So, back to the 80 Pages of Crap. There were a few writing books that I was into when all of this started. A friend of mine had taken me through The Artist's Way, as I mentioned before. Also, an amazing book that I would recommend for anyone who reads words, Bird by Bird by Anne Lamott. My copy is now battered and coffee stained, the spine nearly rendered useless. I return to it a lot, especially when I need to be reminded of what's really important in all of this.
One of the suggestions she gives is to write your life. That's how I started. Only, in order to garner freedom from my repressed, egocentric, (again) uptight personality, there were some things I had to do to feel safe.
1. I had to change names in order to protect the guilty. Some of you who will read this blog were so named. I still have the legend on a 3X5 card so I could remember what name I had given who. If you think you made the cut, let me know and I'll tell you what your alias was. I don't know why I did this. No one was going to see it, at least not initially. I just went with the impulse to protect myself at all costs, so I could get something on the page.
2. I set myself up in the only room in our house that wasn't a bedroom or a bathroom yet had a door – the laundry room. It's a big laundry room, but I still had to jump over my “desk” in order to get to the chair. The screen of my computer and my back were to the wall. That's all I cared about. It didn't matter what kind of gymnastics I had to perform in order to get there.
3. Maybe most importantly, like Ms. Lamott says, I had to give myself permission to write crap.
And I did. It was crap, but it was necessary.
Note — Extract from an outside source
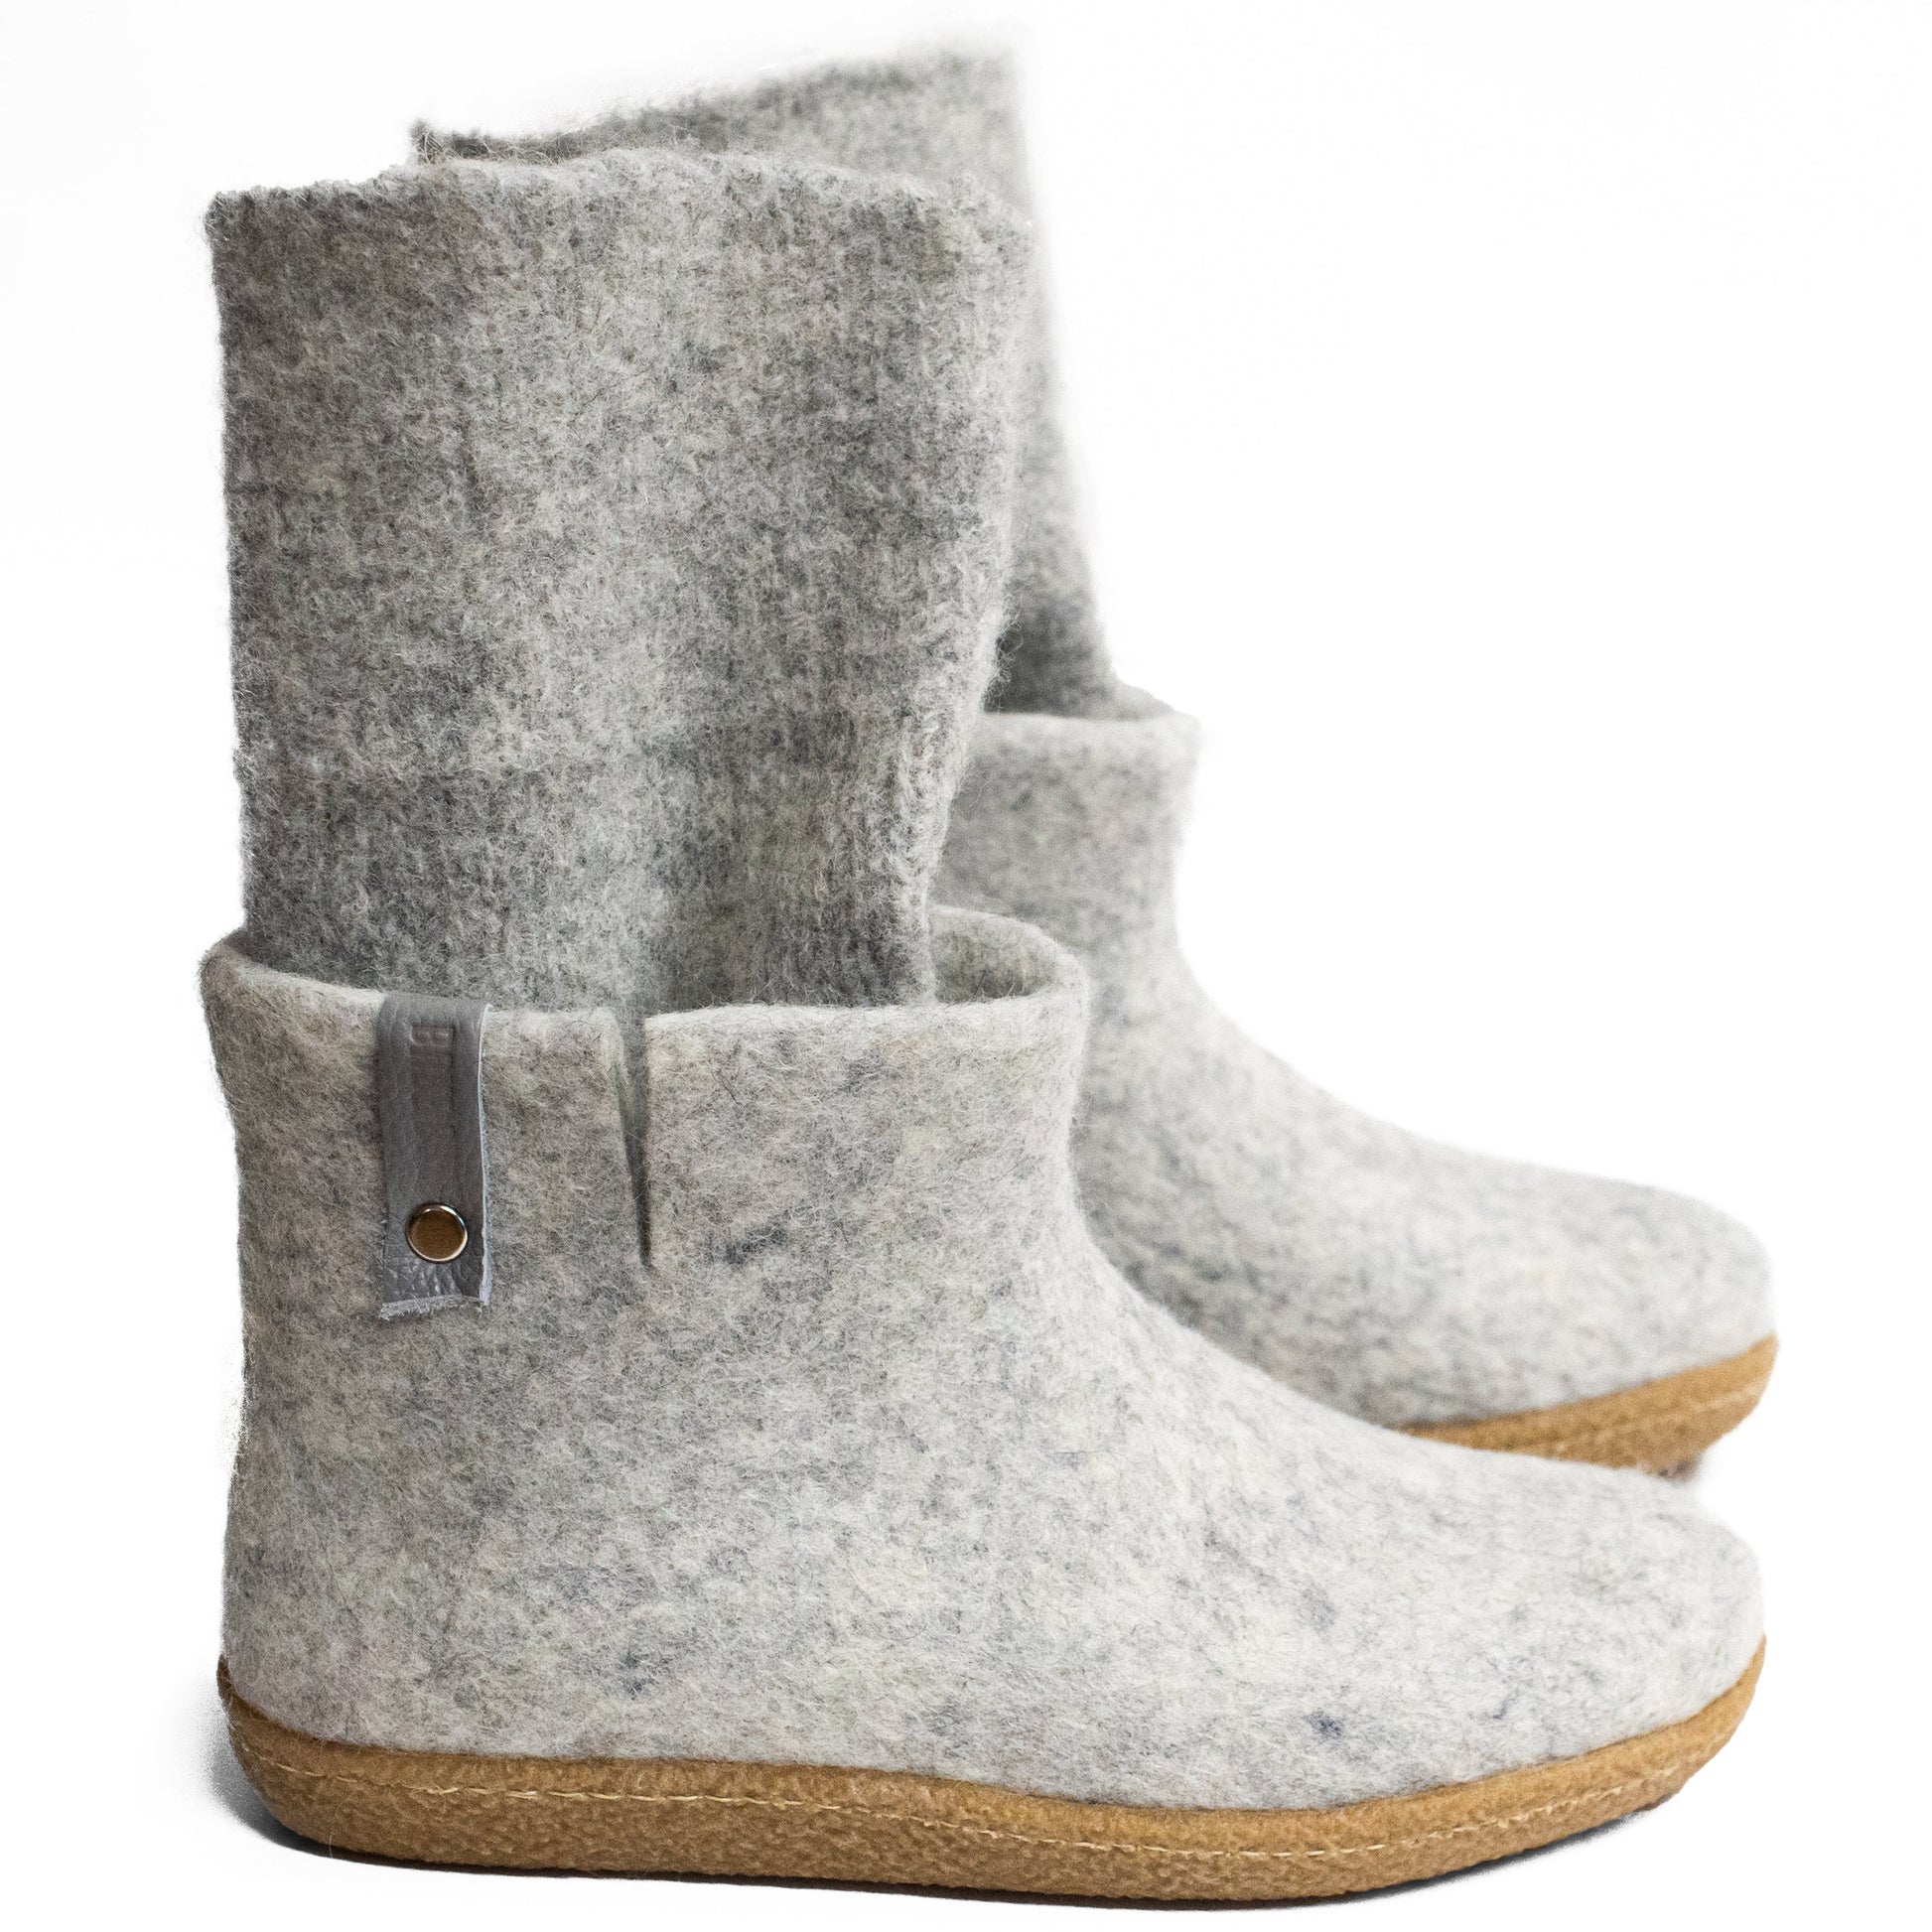 [felted_slippers],[wool_slippers], [burebure_slippers], [warm_wool_slippers], Women's WOOBOOTS with Knitted Leg Warmers, Bure Bure wool slippers

I wrote with as much honesty as I could muster, even when it was painful. I wrote religiously, obsessively, in a committed, disciplined way until I was ready to put down in black and white the ugly ugly underbelly of my life. I wrote the truth about the horrible things that happened to me and, more importantly, the horrible things I did to myself. After I wrote about losing my virginity, I had to call my best friend. I remembered that I had broken my own heart, and when I wrote about it truthfully and with some distance, I could see that clearly.
There were some funny things, too, like my first obsession in first grade at Fred Graff Elementary. I wrote about how we played a game called Kiss Chase and how, when it became apparent he wasn't going to chase me, I would yell, “SWITCH!” so the girls could chase the boys. Then I would corner him in one of the huge tractor tires that stuck out of the ground and force him to kiss me. (I've always been bossy. Especially with boys.)
I'm sure there were some other amusing antidotes, but I don't want to look too close. I'll remember how horrible it really was and then I'll feel badly about myself.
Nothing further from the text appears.